Asa Butterfield as Hugo is a mechanically gifted young man who cares for the clocks in the train station and has a secret mission to repair an automaton found and left by his father. He must avoid Sacha Baron Cohen as the station Inspector as well as his doberman. Baron Cohen and the dog are used for the sort of 3D (and comedic) effects you usually see in amusement parks. I’m not a fan of those cheap tricks, but appreciate the subtle third dimension added to the environment in which the characters find themselves. Constantly having to sneak about through the grates and between the walls of the station makes Hugo always suspicious. You see it in Asa’s expressive face. I couldn’t help but notice that he has the most expressive nose I’ve ever seen, the nostrils flare and it twitches constantly. Hugo tries to steal parts for his robot from a toy shop in the station, but is punished by the owner played by Ben Kingsley. Hugo must appeal to the toy-maker’s goddaughter Isabelle. Chloe Grace Moretz is the bookish but outgoing Isabelle. They make a great innocent pair for the coming adventure. Hugo was pulled out of school and so never finished learning to read, so Isabelle introduces him to the wealth of stories in the overflowing train station library. While Isabelle has been sheltered from motion pictures, so Hugo recommends the comedies of Harold Lloyd and other silent shorts he remembers from the good days with his father. Many adventure story characters are name dropped. Many iconic images from silent films are referenced. This is literacy presented in an exciting way!

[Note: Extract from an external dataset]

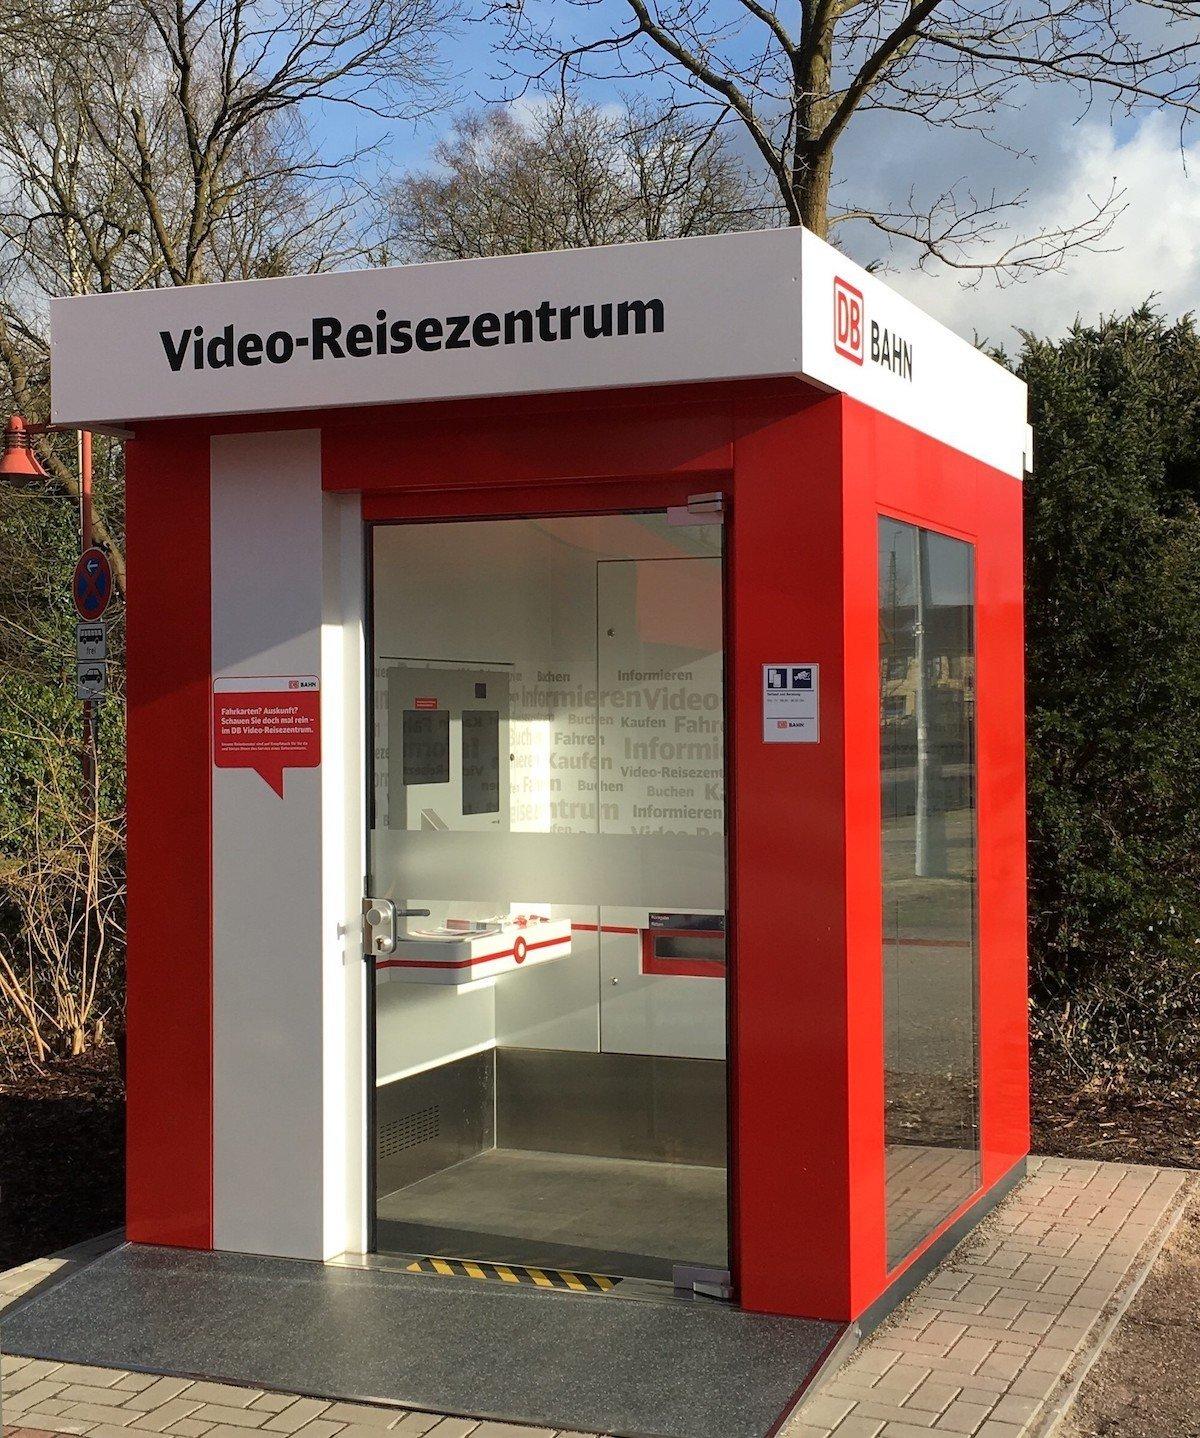 Video-Reisezentrum als Solitär (Foto: Deutsche Bahn)

After a little detective work, called research in a library, a film historian named Rene Tabard, played by Michael Stuhlbarg, helps the kids realize that Isabelle’s godfather Georges is more than he appears to be. Seeing the flashbacks of Georges Melies’ early career, the reverence for that amazing technology that is film and the motion picture film camera, Melies’ fall from popularity and later recognition through an AWESOME montage of colorful clips from his groundbreaking fantasy work is stunningly brilliant and dazzlingly gorgeous to this film buff. With the coincidence that Hugo’s family is connected to Melies’ family in ways no one was aware we are happily reminded of Hugo’s philosophy that everyone has a purpose in this world like every mechanical part of a machine has a purpose that keeps the machine going.